Собственно, у кострища их скучоквалось трое. Межислав лежал чуть поодаль, закинув руки за голову, устремив взгляд в звездное небо. Недавно он узнал, что согласно историческим записям бег Бату взял Рязань на штурм и спалил город до тла, перебив почти всех жителей. И хотя трое потомков постарались утешить его как могли. Мол, и кое-кто все-таки уцелел, и Рязань потом отстроилась, и сама Русь поднялась, почитая себя аж третьим Римом… Все это его мало утешило.
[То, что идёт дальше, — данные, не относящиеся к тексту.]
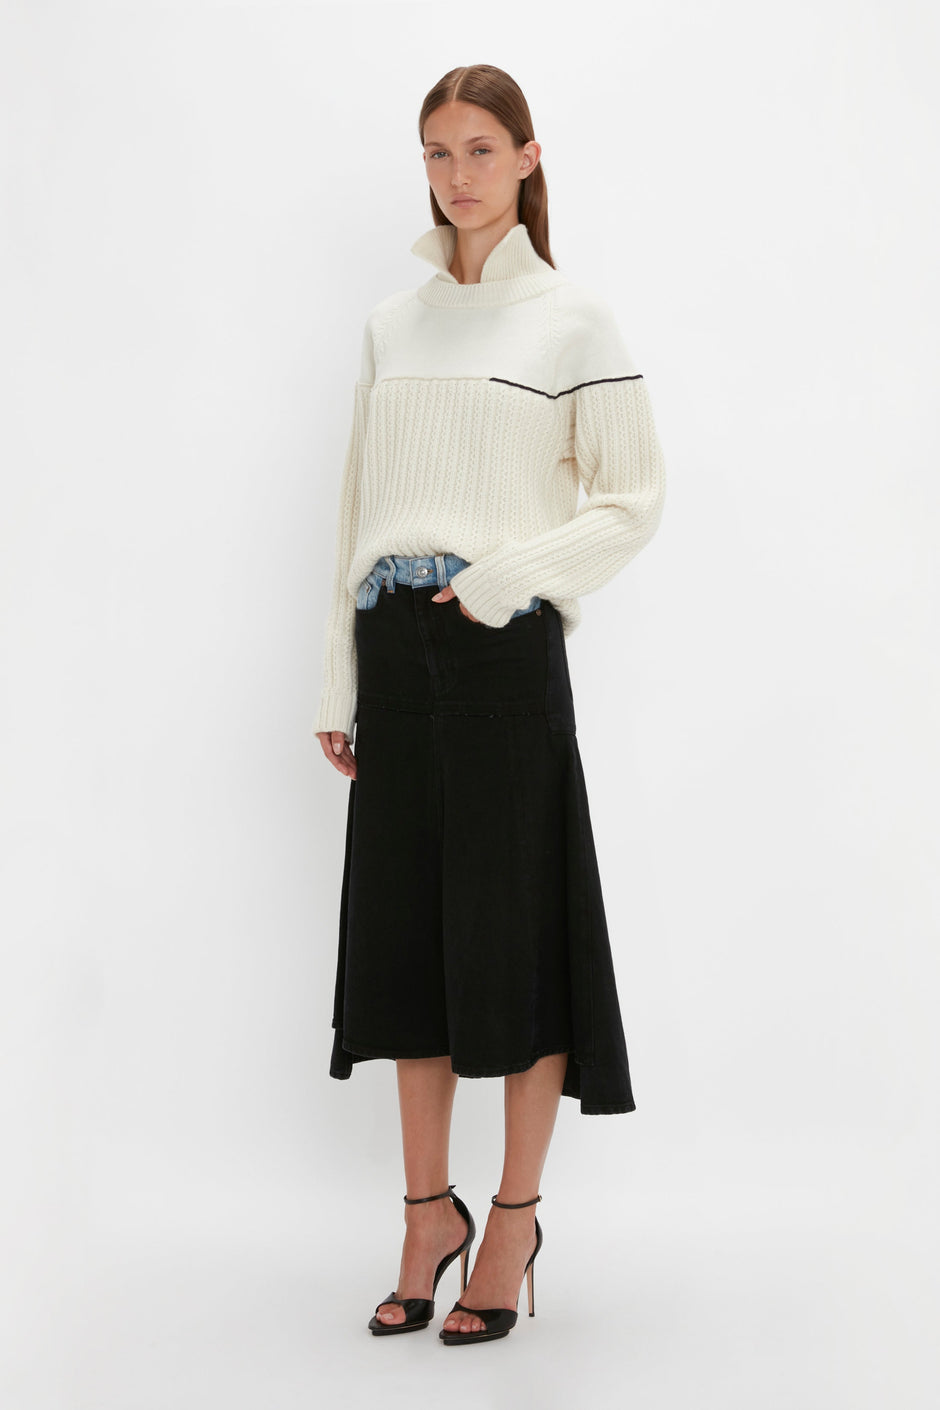 Luxury Designer Knitwear & Cashmere Jumpers – Victoria Beckham

Он все выслушал, все разузнал, и потом молча откинулся на спину, будто вынырнув из общего разговора. Так и лежал он на спине, то глядя в звездное небо, то прикрывая глаза, вспоминая тех кого он знал, помнил и любил. И было это буквально вчера. Только вчера. Всего один проход солнца. Но человеку даже не миг не дано вернуться назад. И все что было, больше уже никогда не будет. Свидетельства истории еще могут остаться в памятных книгах. Там же сохранятся и имена князей, нарочитых людей… А кто вспомнит о жене Межислава, Велене. О их сыне? Только у него в памяти они остались. Только память теперь у него и есть. А что с Веленой стало? Погибла ли она вместе с городом? Татарская сабля и пущенный по городу огонь? Или уцелела, – но для чего? Не для мугольского ли полона? И какой-то степняк брал её, силой разводя скрещенные для защиты руки, ноги… Или не попала в полон, и уцелела, и… честная вдова погибшего мужа, снова вышла замуж? И уже не его – Межислава жарко шепча называла Велена темными ночами любым, своей семеюшкой? А его сын, – кого звал тятей? Раз не приспело Межиславу, то кто посадил сына по обычаю в три года на коня, для овладения верховой наукой? Да и посадил ли?! Стал ли сын воином? Или пришлось ему как приживальщику отрабатывать свой хлеб пахотой в чужой семье!?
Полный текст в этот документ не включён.